Life before Death

In some respects I find blogging is a pressure valve. It allows me to be serious, rationale, manic, controversial; whatever I want, whenever I want. To that extent it does not really matter whether anybody reads the post.

Somebody wrote yesterday on another’s G+ post: ageing sucks. I could not have put it better myself. I worry about the process and all that goes with it. I am without doubt one of the world’s great worriers. I am the man, who will worry if he does not have something to worry about. As my former boss repeatedly said, I am the Risk Director and I’m paid to worry. The Grand Canyon sized difference is that I am not paid to worry. I do it because I have turned into my father. There can be no other explanation.

Much attention was garnered recently about Josh Brown’s article: How much time do you have? The thrust of it is that we all waste too much time worrying about what might happen and we forget to live. I felt an odd twinge of self-flagellation when I read it. Now Josh writes in an investment context but his message was that worrying about financial health is probably not the best use of our time. It is easy to argue that this is relevant as an idea only if you have money to worry about. Perhaps. However the great and the good of the financial and political world have decided in recent years that savers should be thrown to the dogs. Take risk or earn nothing. Quantitative Easing. Zero interest rate policies. ZIRP – sounds like a kitchen cleaning fluid. Flat yield curves. Let us suppose in a moment of madness you chose to lend money to Uncle Sam. He offers you an IOU repayable on a fixed maturity date that was originally 30 years from issue – the aptly named Long Bond. You will receive a gross yield of 3.63% at the time of writing. Why gross? Because it is not inflation protected. Only up for 10 years? Just over 2.5%. And if you only trust him for 2 years, he’ll offer you a yield of just 30 basis points. You could get 3.7% for 10-year money if you wanted to lend to that awfully nice Kevin Rudd and his chums in Australia. But if you do not have Aussie dollars to start with you may end up with less than you started. Exchange risk, don’t you know? So whilst I agree with the general message in Josh’s article it won’t stop me worrying about how I am going to pay the bills in 20 years time. If I am spared….. And that of course is his point. I may well not be.

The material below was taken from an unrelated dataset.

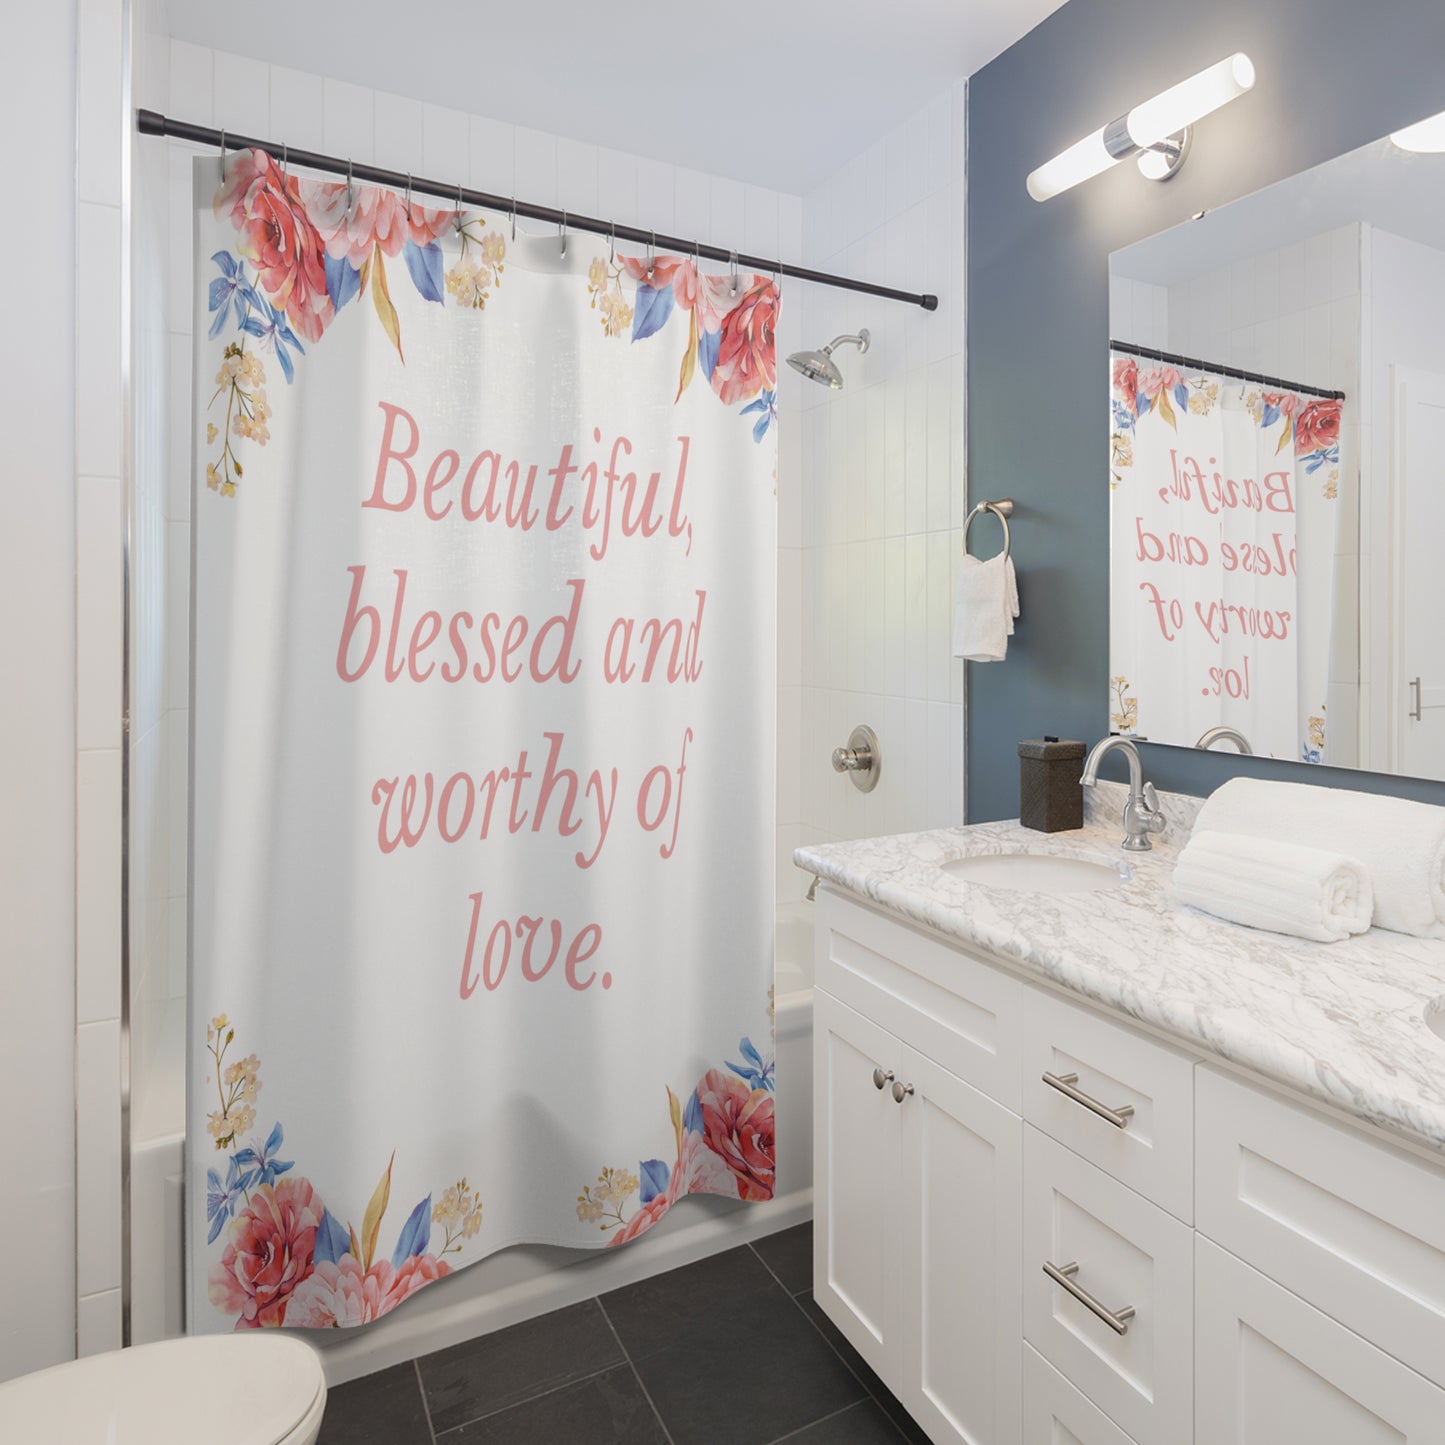 Beautiful, Blessed And Worthy of Love Shower Curtain

The best piece of investing advice I read recently said my best course of action was to “do nothing”. Hmmm. That may be difficult for an inveterate worrier. It reminds me of the cover of The Hitchhiker’s Guide to the Galaxy, which supposedly had the words “Don’t Panic” emblazoned across it in large, friendly letters. I am not sure how letters can be friendly but the thought is certainly reassuring for a short while.

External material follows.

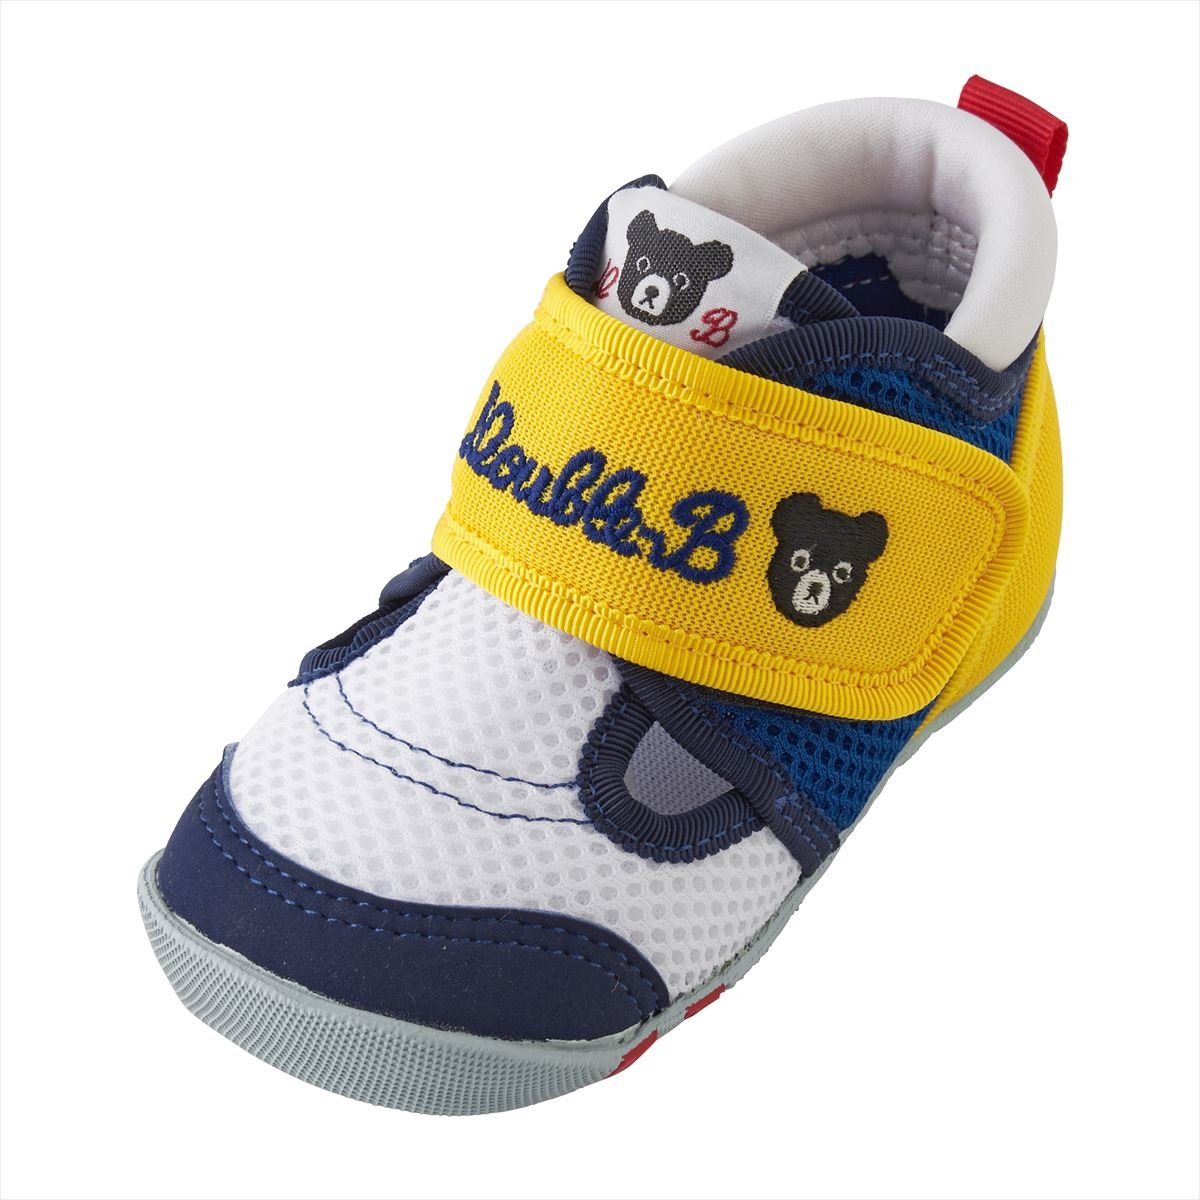 Double Russell Mesh First Shoes - B for Bold - 62-9302-572-03-11H

One of the classic traps is to be asset rich, cash poor. In other words, you have things but whether you can turn them into cash at a fair value when you need to is another matter. Part of the cacophony going on in my head is what sounds like 76 trombones all blasting out the word “simplification”. The sliders go in and out and the tone may vary but the message remains the same. I have too much stuff. I had a vaguely sensible discussion with Mrs. Ha the other day about how to dispose of my books after I have returned to ashes and dust. Now if I simplify I would resolve this problem by offloading the bulk of them now. But I can’t bring myself to do so. Many are collectable, first editions or obscure reference texts and I don’t want to part with them. We rent an air-conditioned godown area for well over US$2,000 per annum. In it we keep all our belongings that one day might come in useful and for which one day we may have space and use. But not today. Since we filled it I have never set foot in the place. We are now in year four. Do the maths. At the start of the year we agreed we would simply get rid of everything. But we haven’t. If we outlive the dog, which I sincerely hope we do, we expect that our next move will be to downsize. How on earth am I going to do that? I can’t even empty a small warehouse storage area. Does Josh have an answer to that? Should I agree to be sectioned for a month so the men in white coats have time to do all this for me and I can’t intervene?

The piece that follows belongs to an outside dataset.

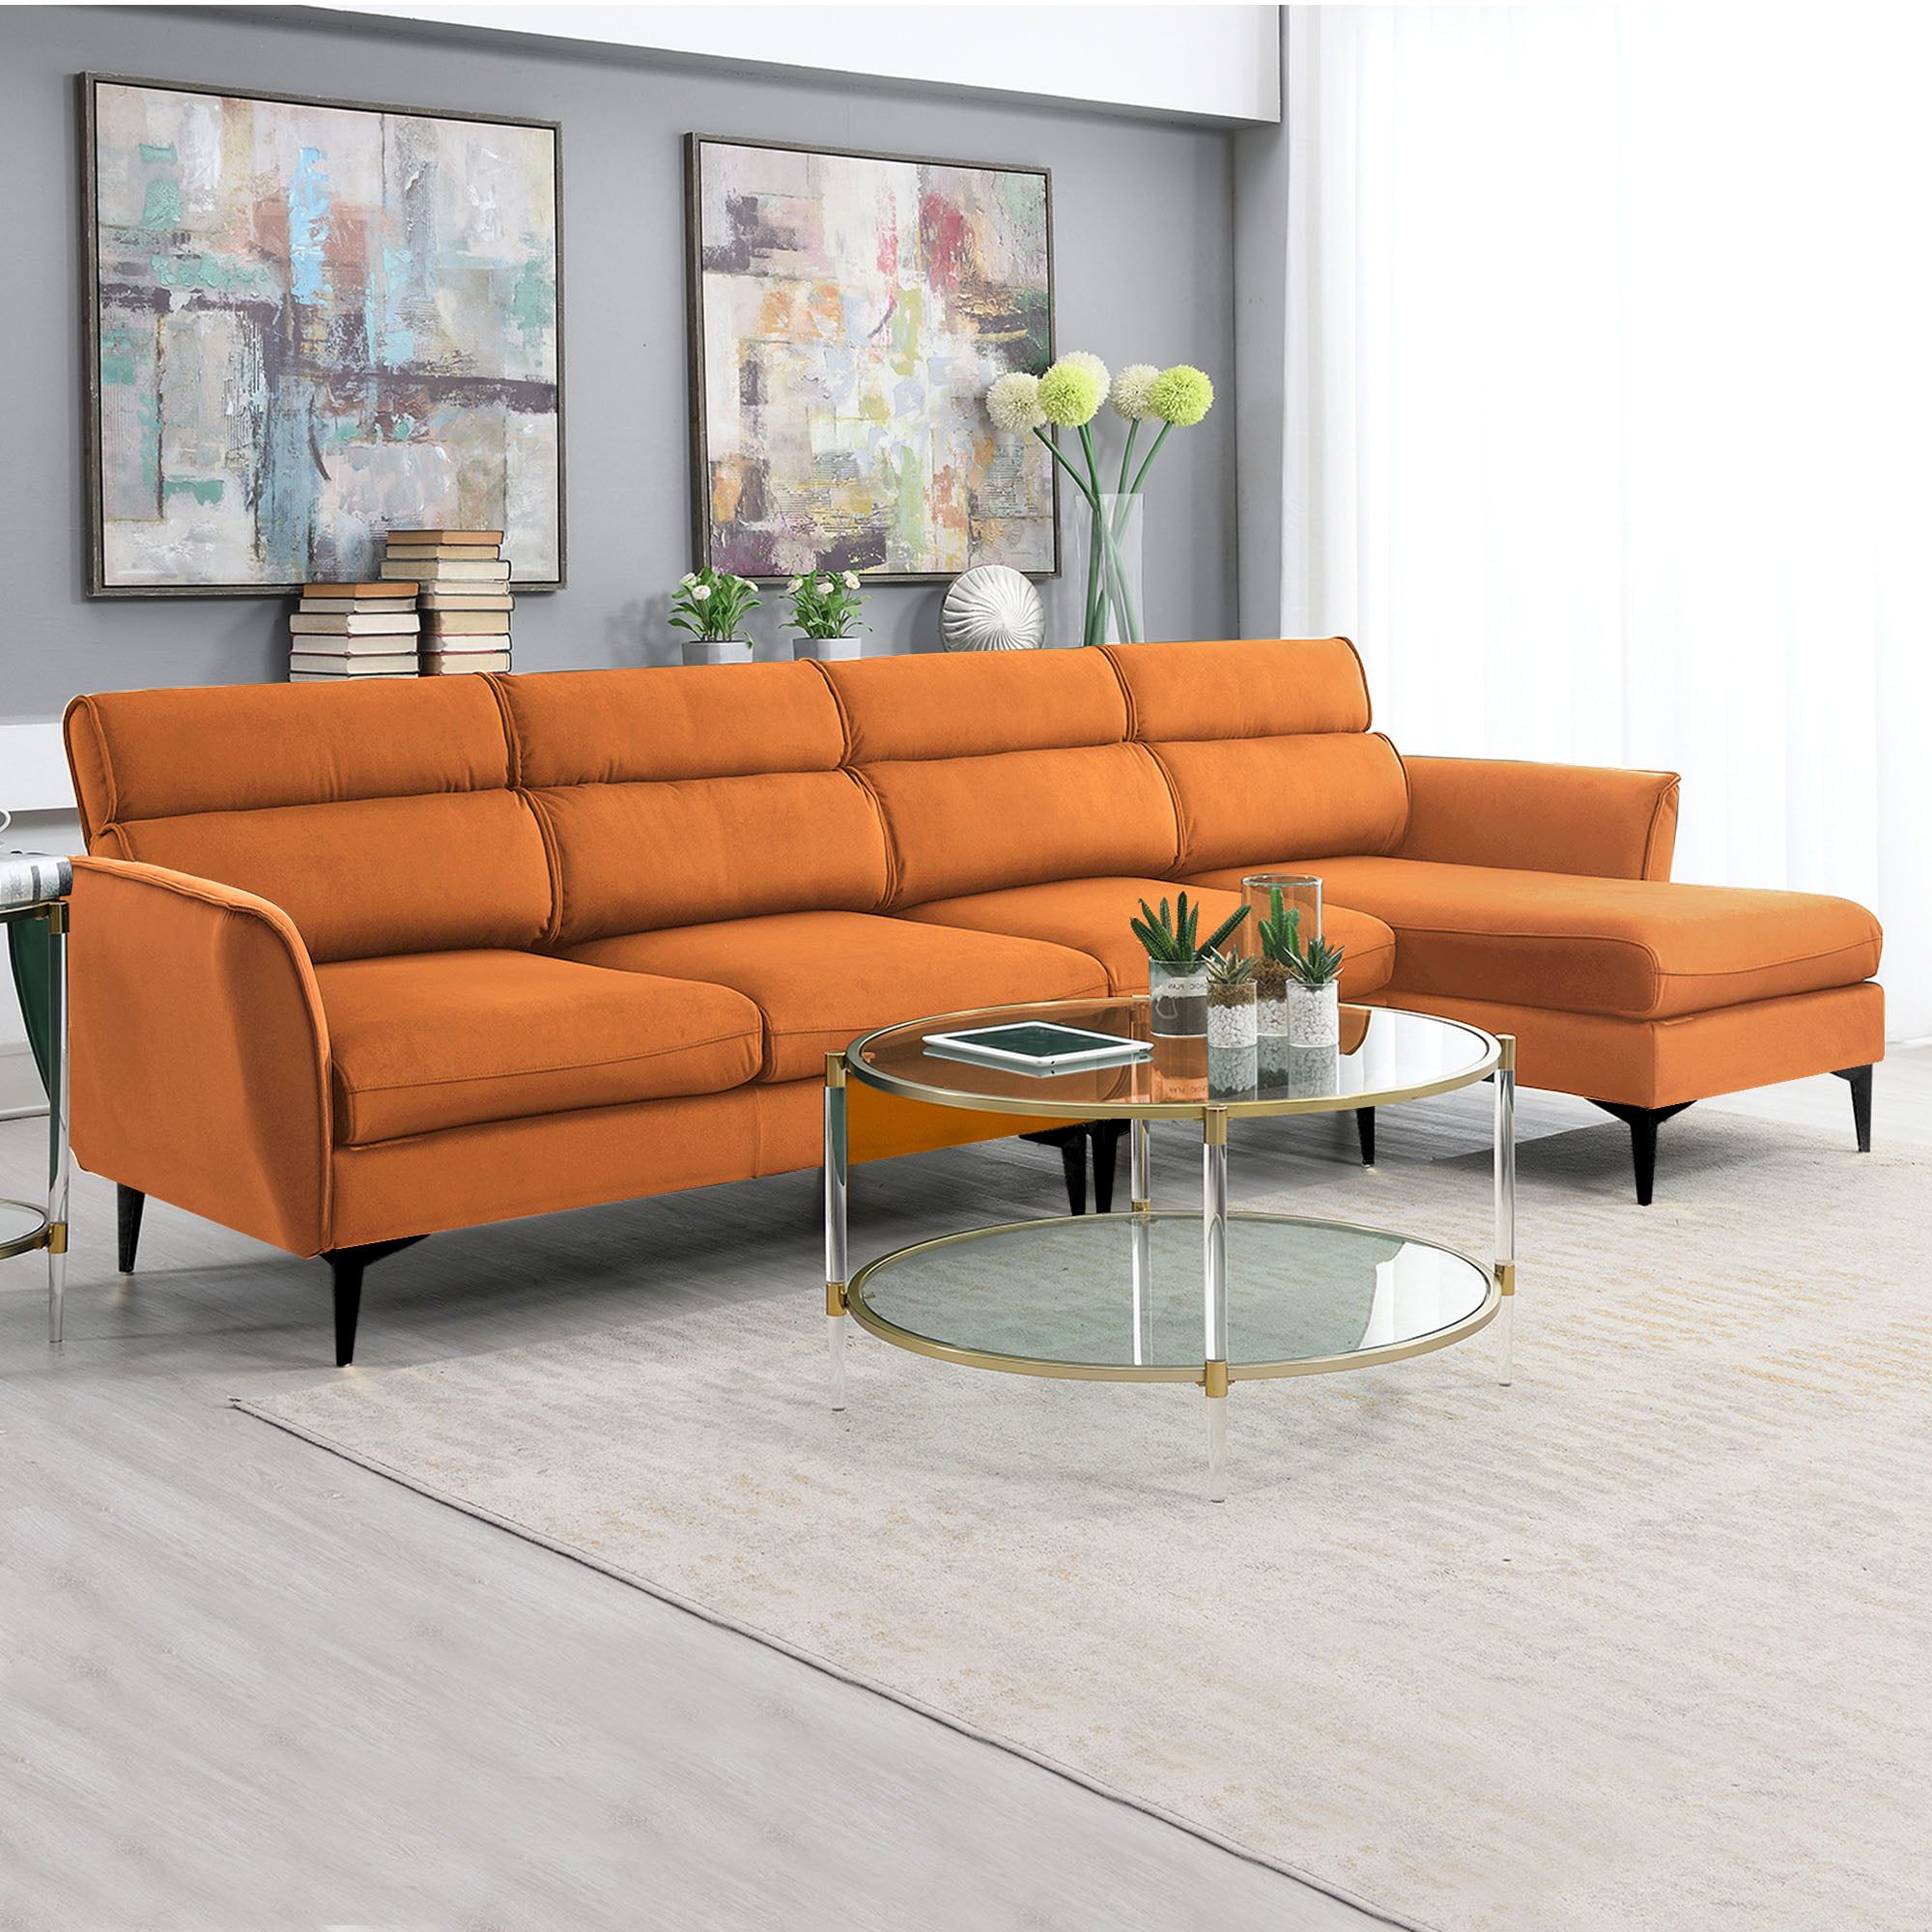 111"l Convertible Sectional Sofa Couch, Flannel L Shaped Couch With  Left/right Chaise, Modern Heavy Duty 4 Seater Sectional Couch, Kamida Sectional  Couch Furniture For Living Room, Orange – Walmart With Regard To Heavy Duty Sectional Couches (View 4 of 20)

I come next to the question of inheritance. I was fortunate. There was little to inherit. Problem solved. I am faced with the question of deciding how much to target leaving for the girls and how much to blow on Mrs. Ha and myself, whilst we await the call. This loops neatly back to the zero interest rate policy. If we could earn a decent interest rate on our capital we could live off that and the accumulated capital could remain untouched. We are not asking much. Five percent would do us fine. I would not have to think about selling properties in the future. We would have a comfortable lifestyle – not lavish but comfortable – and the future would be bright, even if it is likely to be communist red, not orange. This is complicated immensely by not knowing when the call will come – do read Josh Brown’s article. If the world reaches a state where it is no longer able to support a population that gorges itself on natural resources then the same politicians, who currently offer us high risk or no reward, may solve the problem for us. As kids we played a version of cricket called “six and out”. You could bat for as long as you like but if you lofted one over the boundary without the ball bouncing then your innings was up or indeed out. Perhaps the politicians will offer future generations sixty and out. We of course as existing taxpayers would be grandfathered and exempt.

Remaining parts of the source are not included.